What the task requires:
Copy out the data from the line containing "View Here: Golden Euonymus" to its last line, exactly. No pictures.

Data extracts:
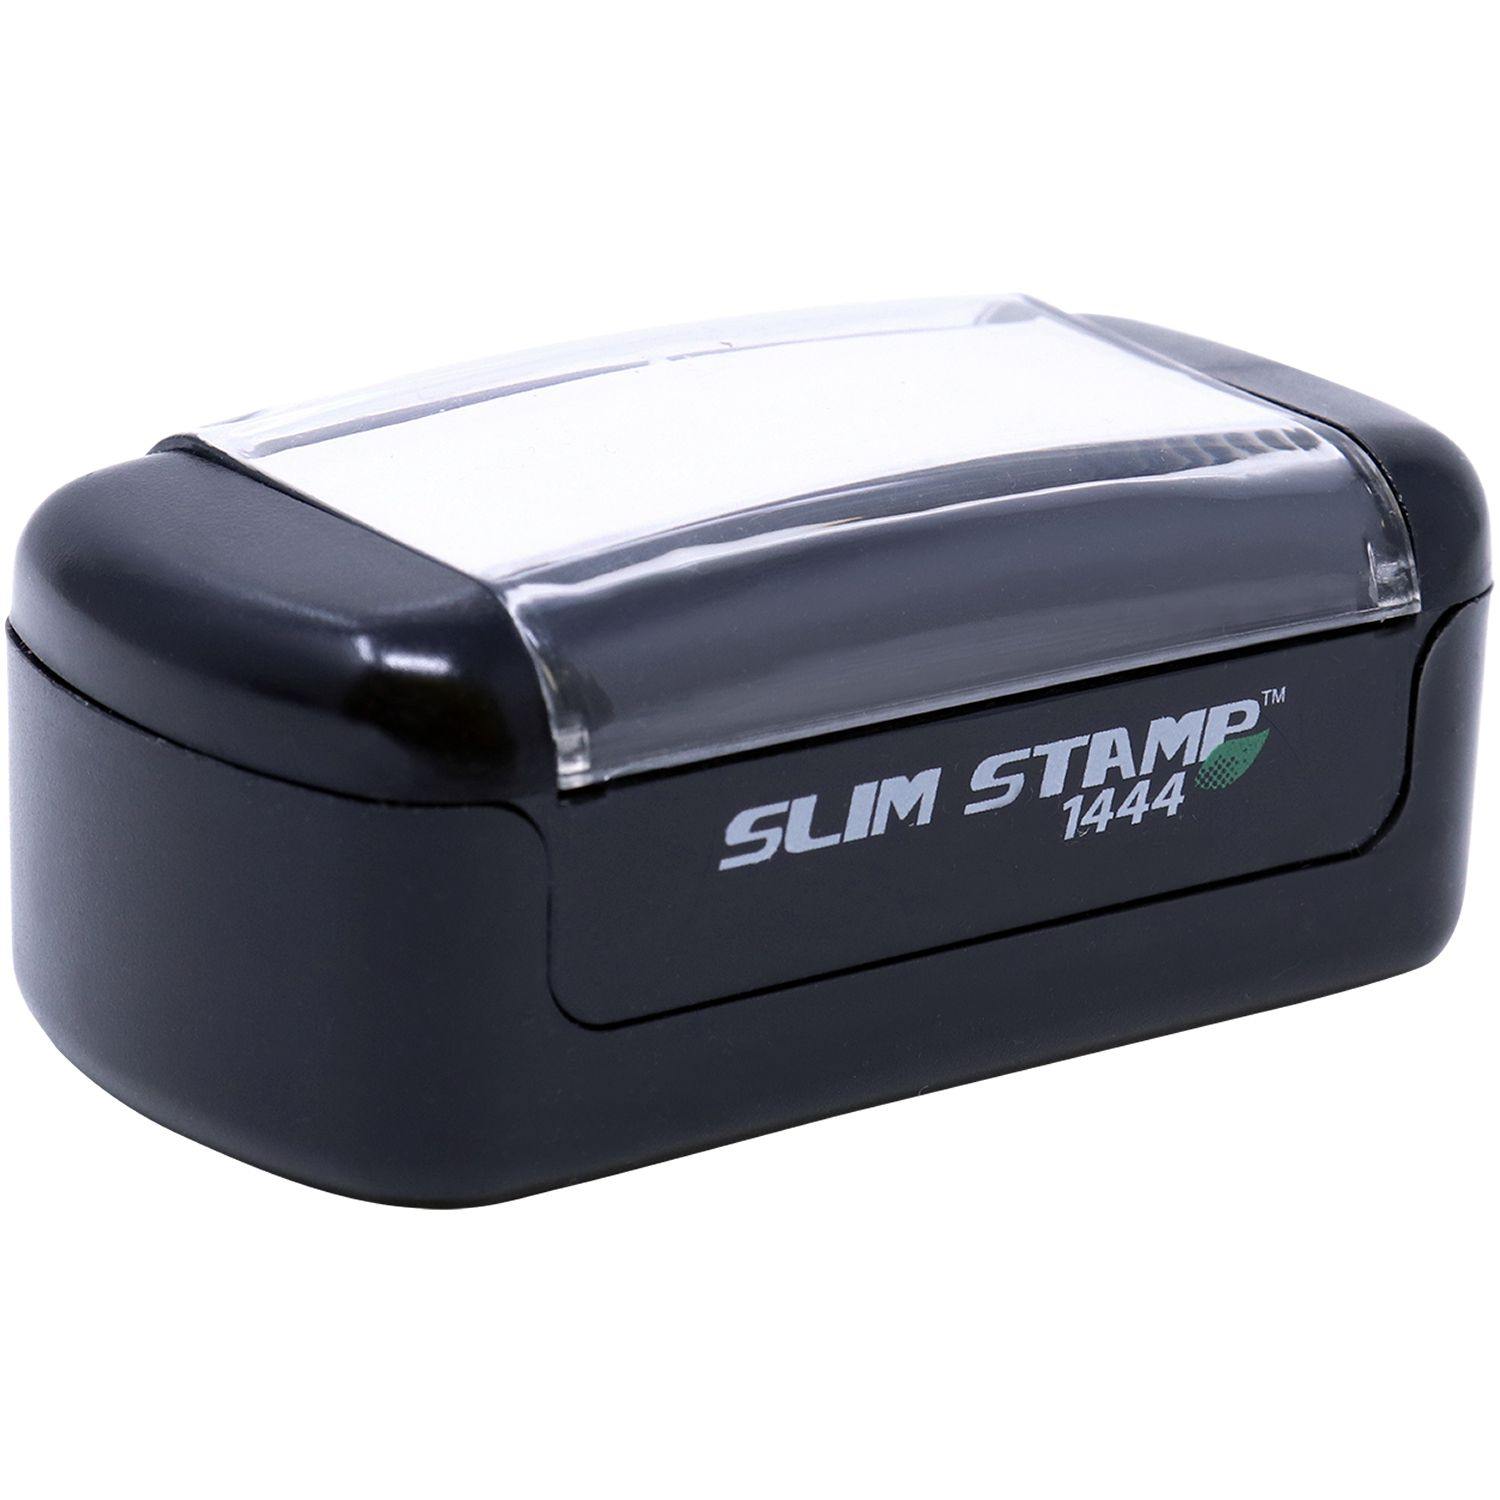 Alt View of Slim Pre Inked Validated Stamp Mount Angle
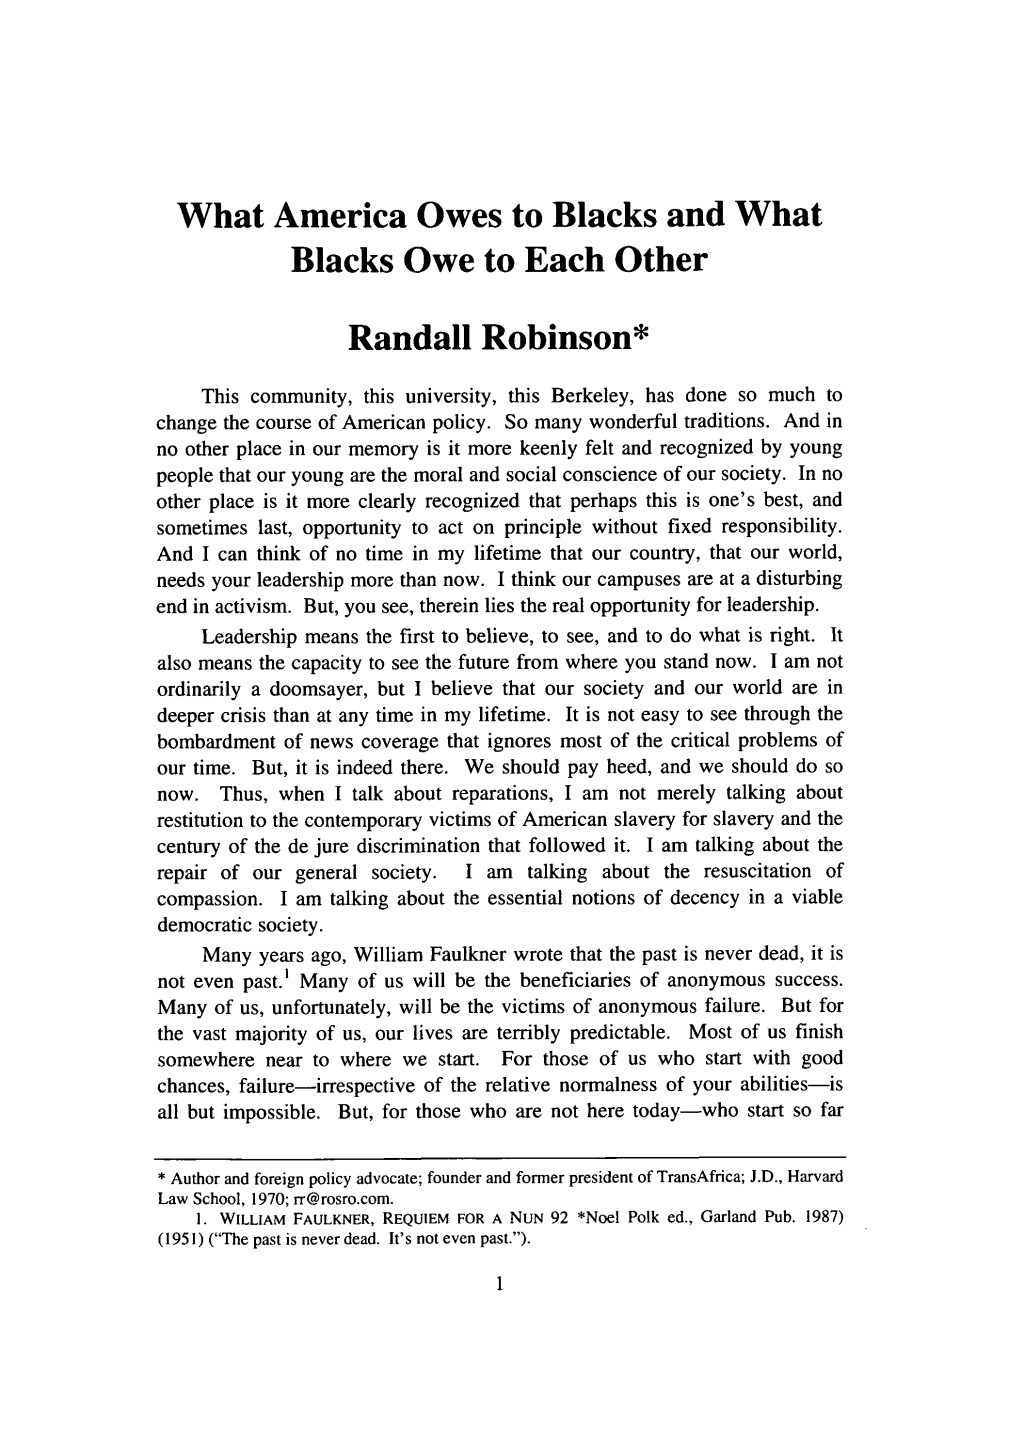 What America Owes to Blacks and What Blacks Owe to Each Other
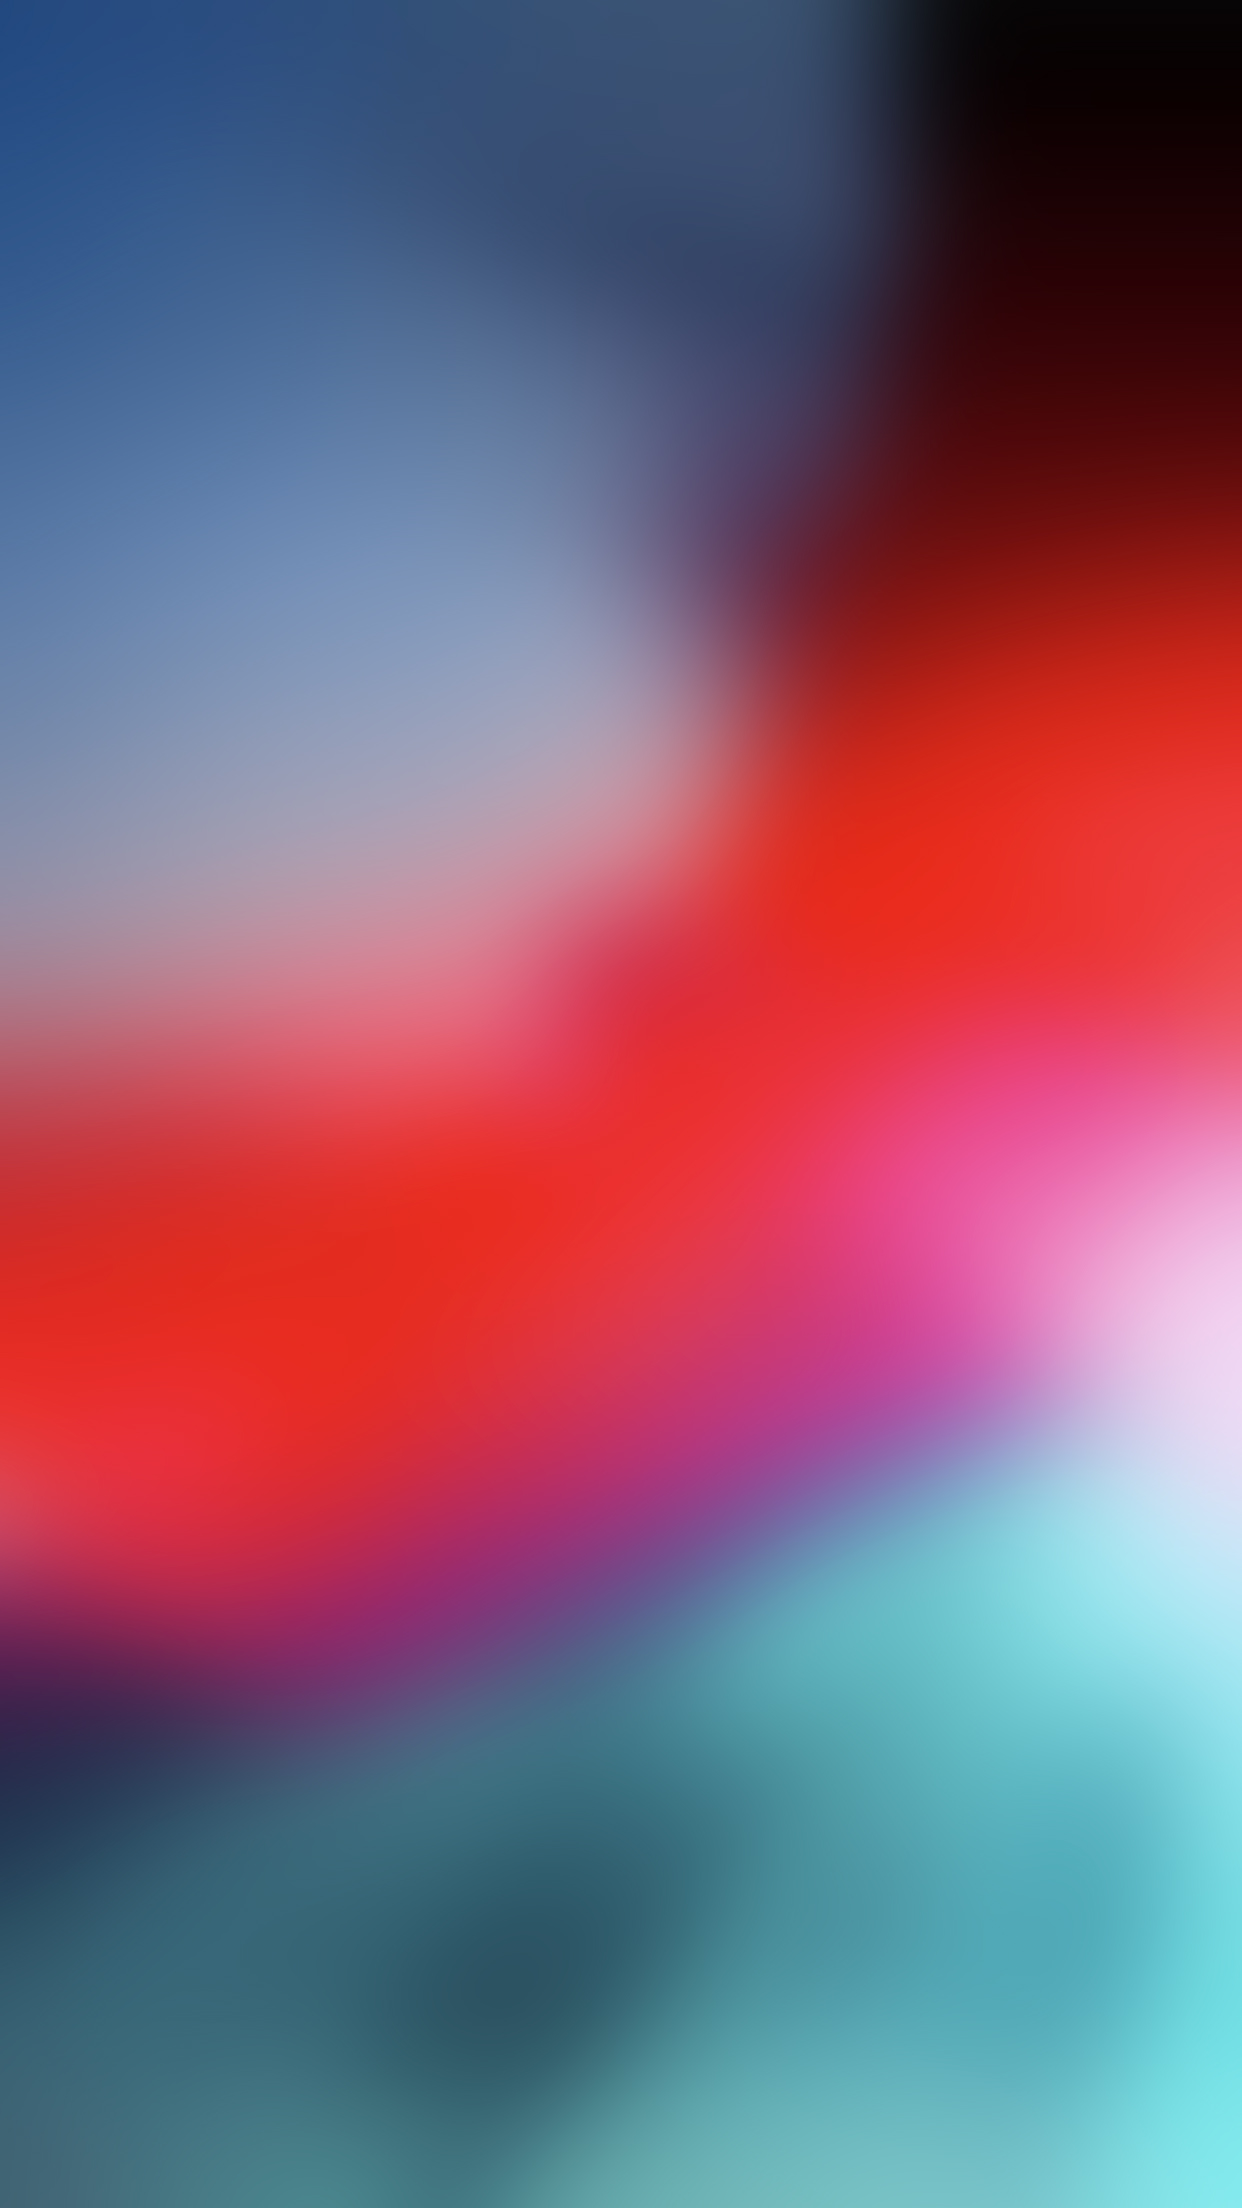 Blurred iOS 12 Stock Wallpaper - Wallpapers Central
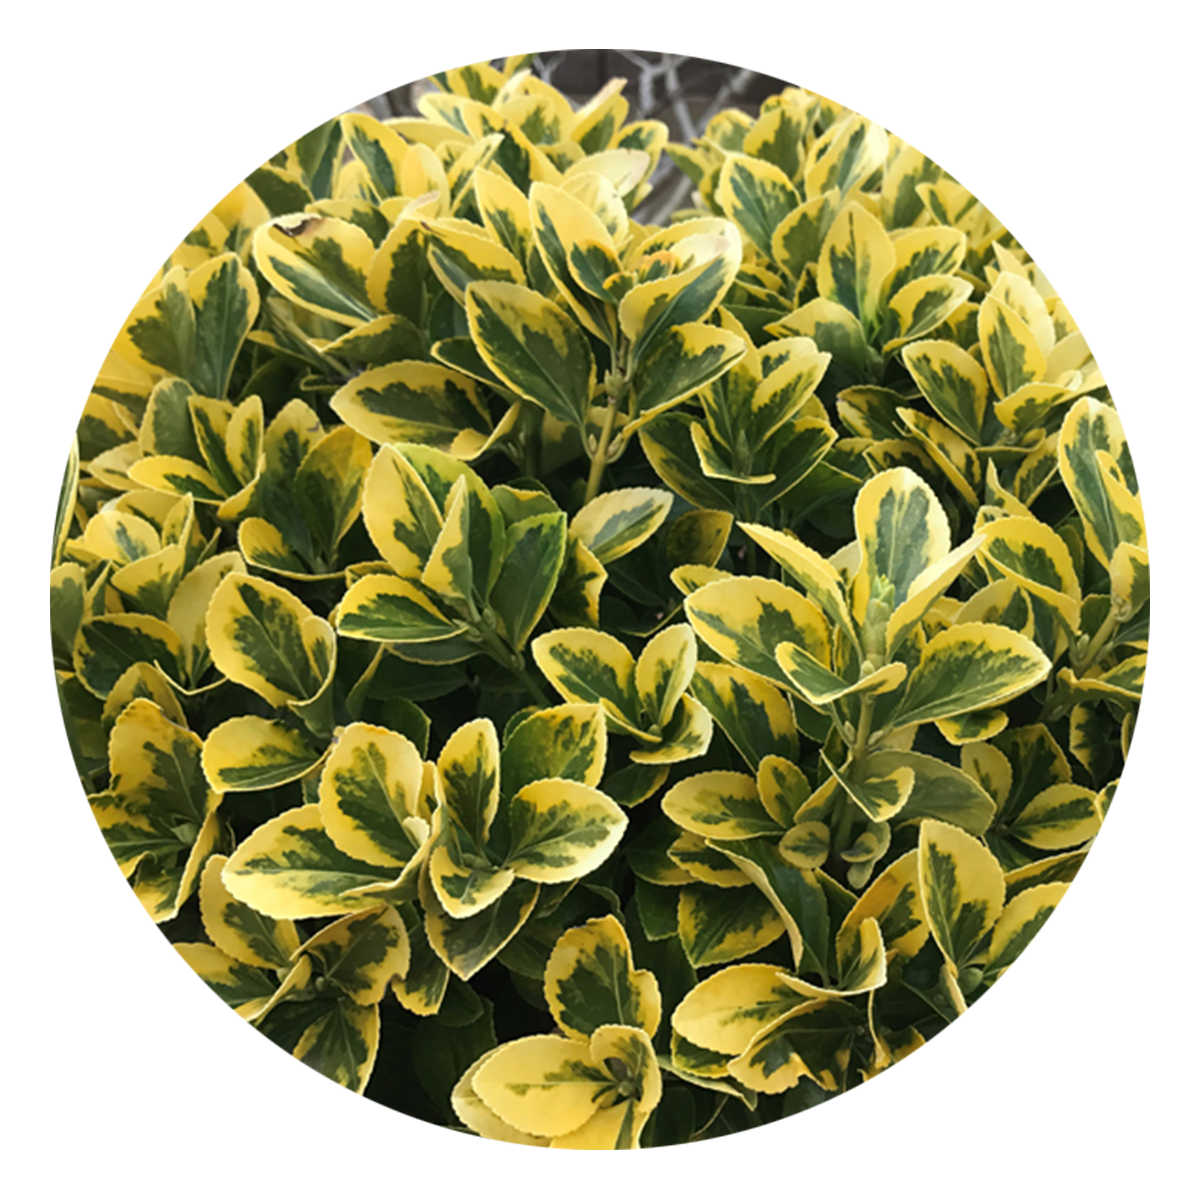 View Here: Golden Euonymus
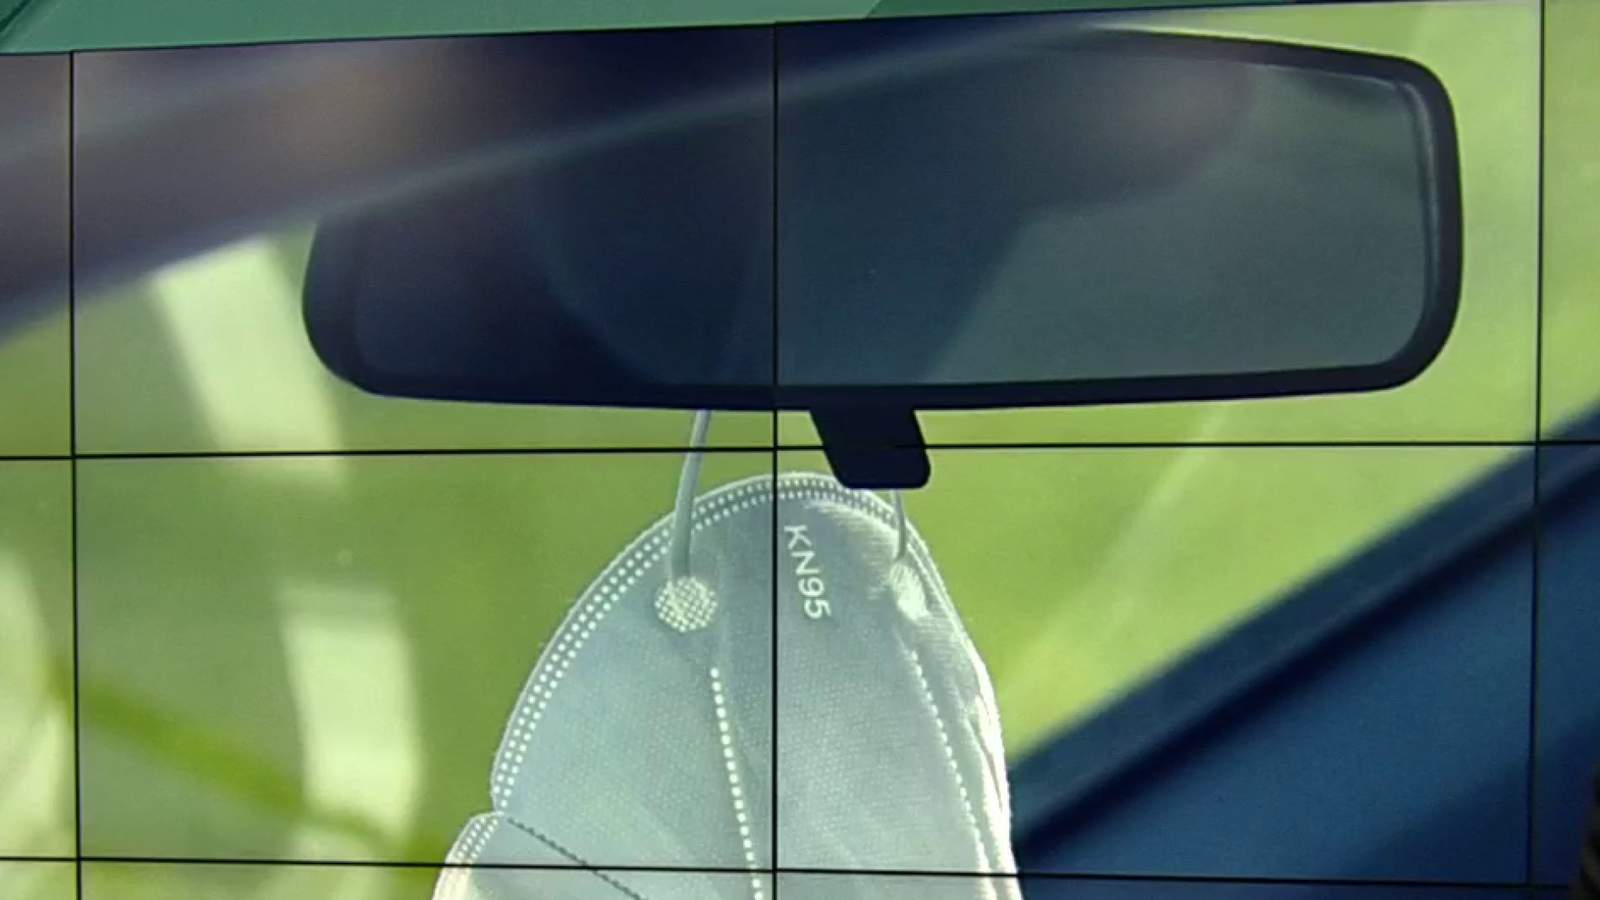 Hanging a face mask from your rear view mirror is dumb. Trooper Steve explains why

Answer space:
 View Here: Golden Euonymus
 Hanging a face mask from your rear view mirror is dumb. Trooper Steve explains why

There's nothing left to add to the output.